Personalising marketing messages

‘Customers do not need more or less content than before. They need the right content in the right format, at the right time, and in the right place.’ This quotation from Bruno Herrmann, Digital Globalisation and Localisation Director at The Nielsen Company, describes precisely what we're seeing today.

In other words, overwhelming your customers with ill-adapted generic marketing messages and suggesting ordinary products to your entire database is out of the question. Going to the trouble of sending these messages could actually tarnish your image: 33% of French people would unsubscribe from a brand’s faulty communications campaign, 22% would share their bad experience with friends, and 19% would write a negative comment on the Web. 

Mass marketing messages can also affect sales: 28% of French people say they would not buy again from a brand that used an ill-adapted marketing campaign.

It is time instead to personalise marketing messages and put them into context by using newsletters, text messages, push notifications, location services, etc. These personalised communication techniques can boost marketing effectiveness by 20%.

In addition to positively impacting revenues, personalisation can lead to customer engagement, loyalty, and renewed purchases. According to a Teradata-Celebrus study, messages addressed personally to recipients and adapted to their habits lead to a purchase intention rate of 76% among French people and a rate of 34% for additional purchases. No surprise there.

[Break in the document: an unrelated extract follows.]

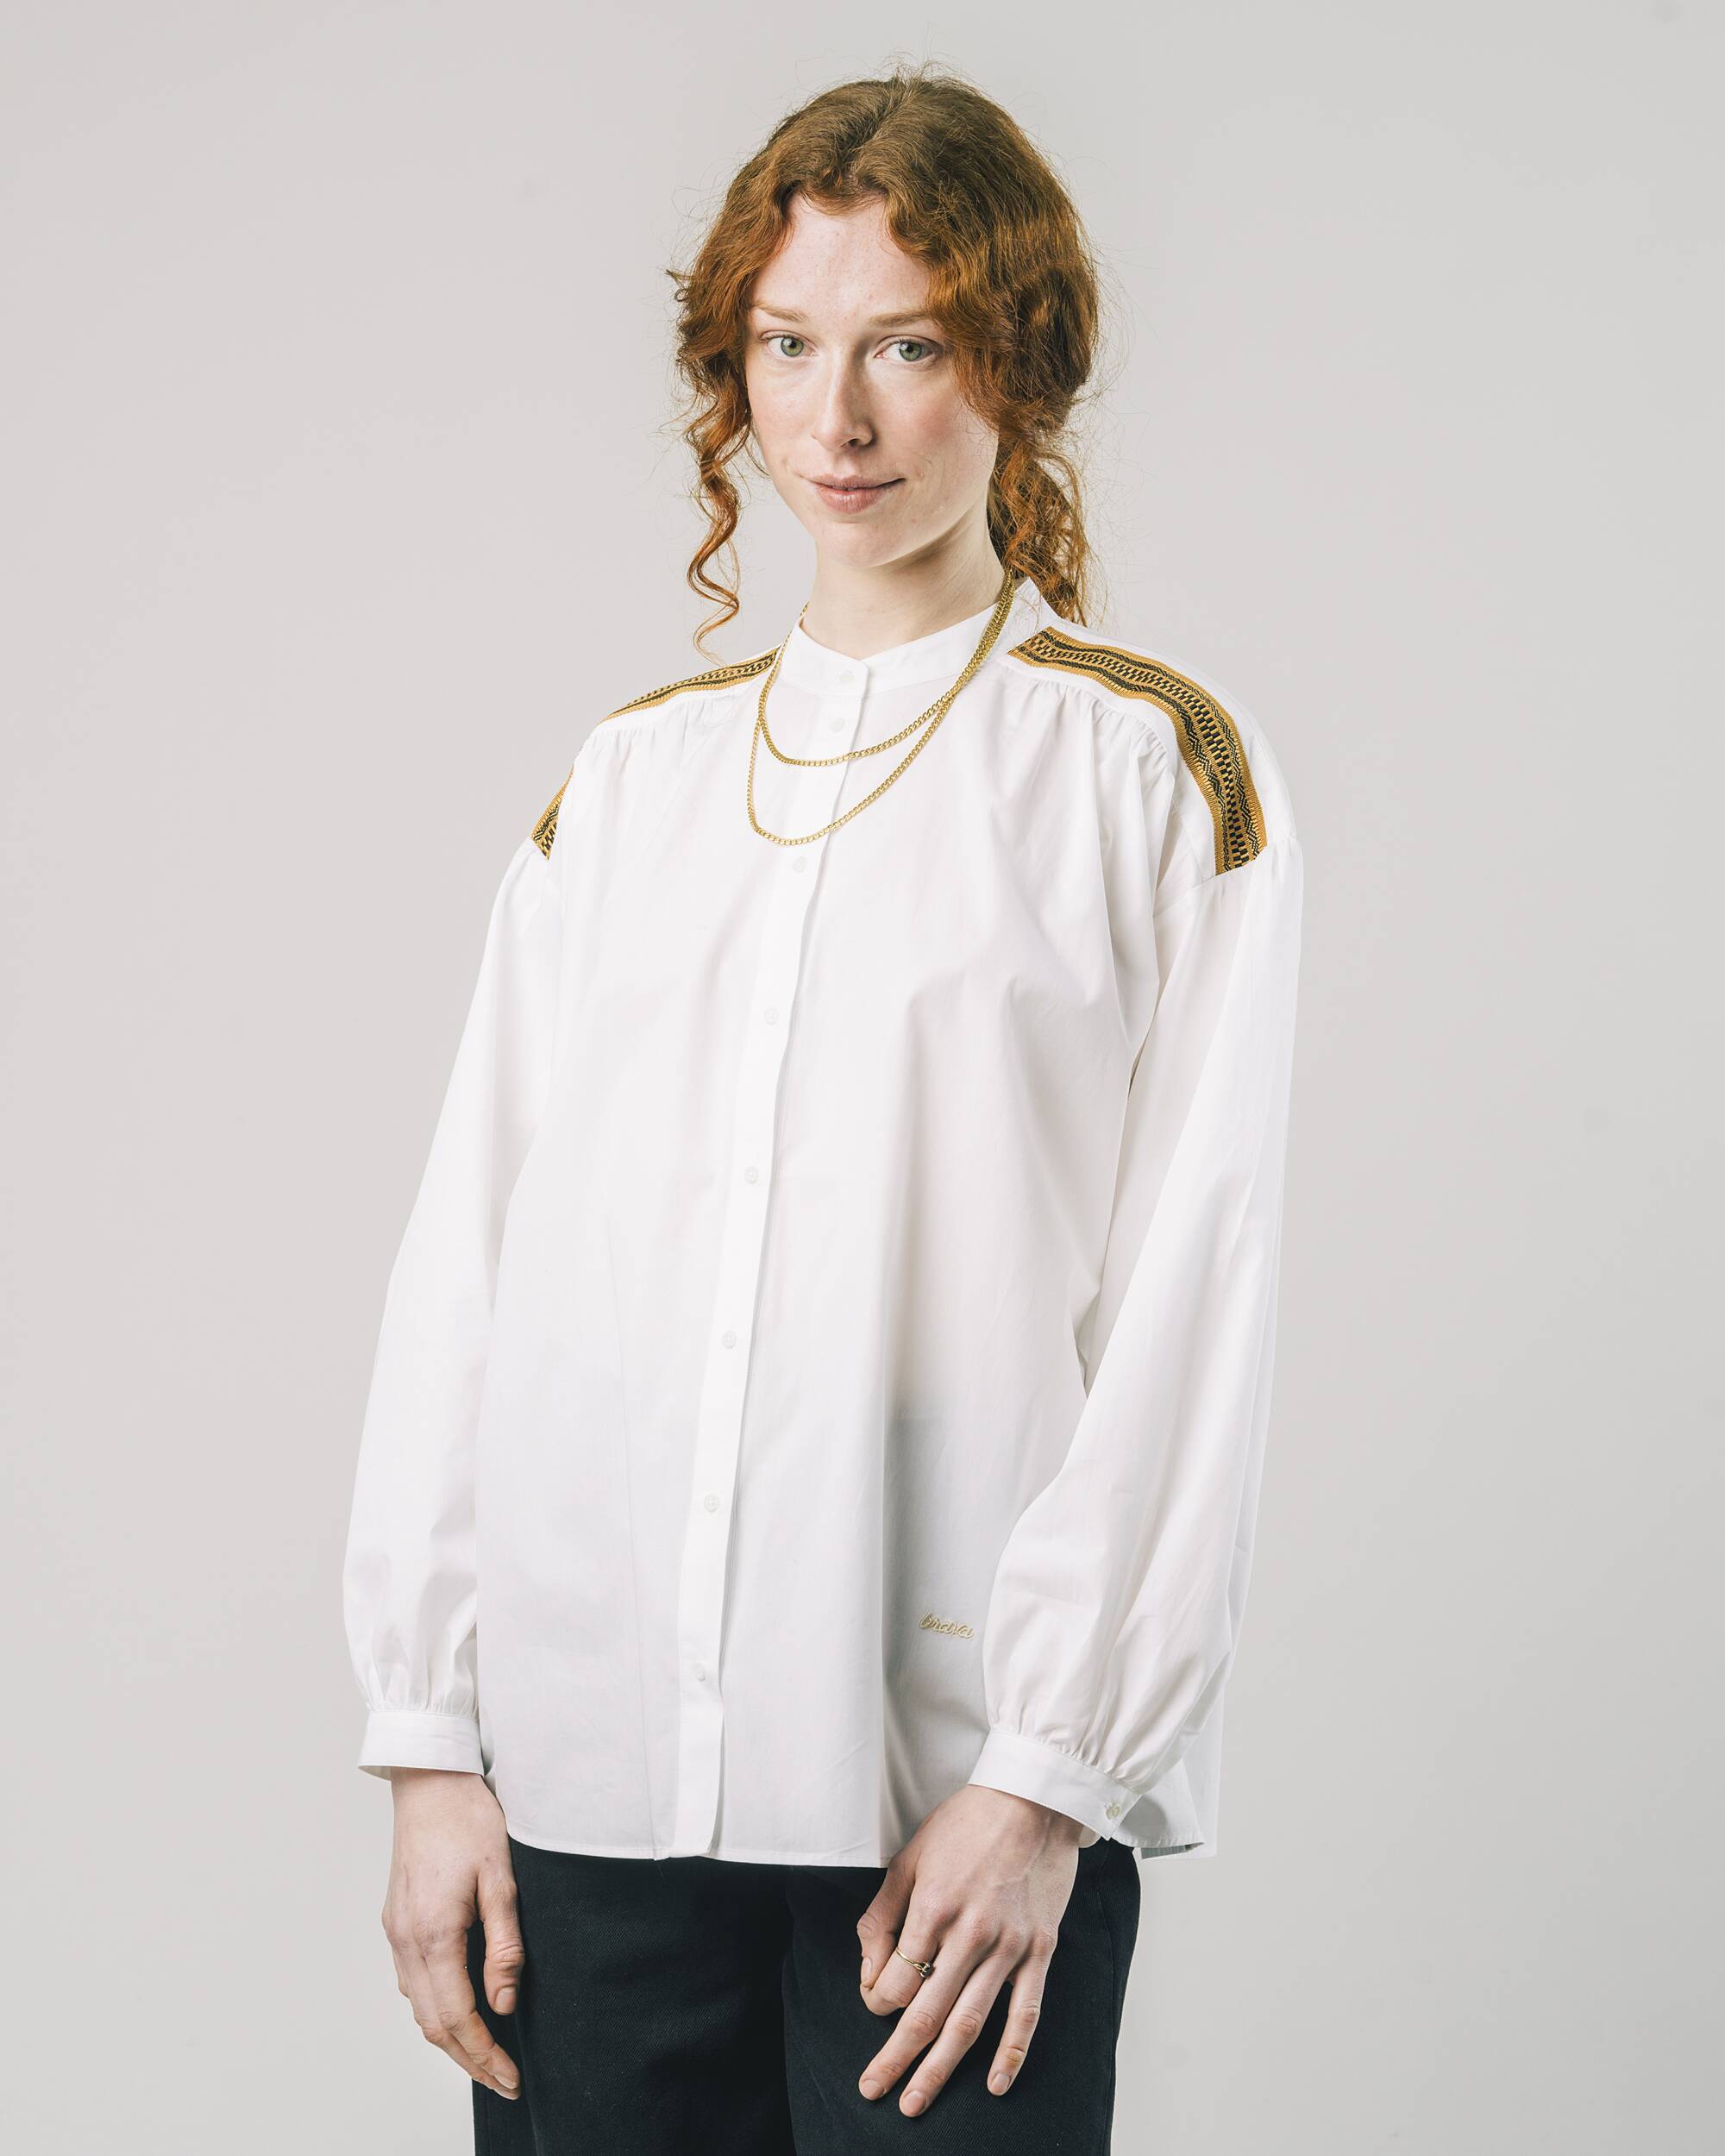 Oversized blouse "Ribbon Boho" in off-white / beige made of 100% organic cotton from Brava Fabrics

This information is particularly important for brick-and-mortar retailers. They are way behind e-commerce businesses when it comes to big data. Physical stores struggle to provide their customers with personalised marketing messages. And yet, there is clear demand for these practices among customers: 45% of French people expect personalised messages based on their in-store purchase habits! Brick-and-mortar retailers: you have some catching up to do.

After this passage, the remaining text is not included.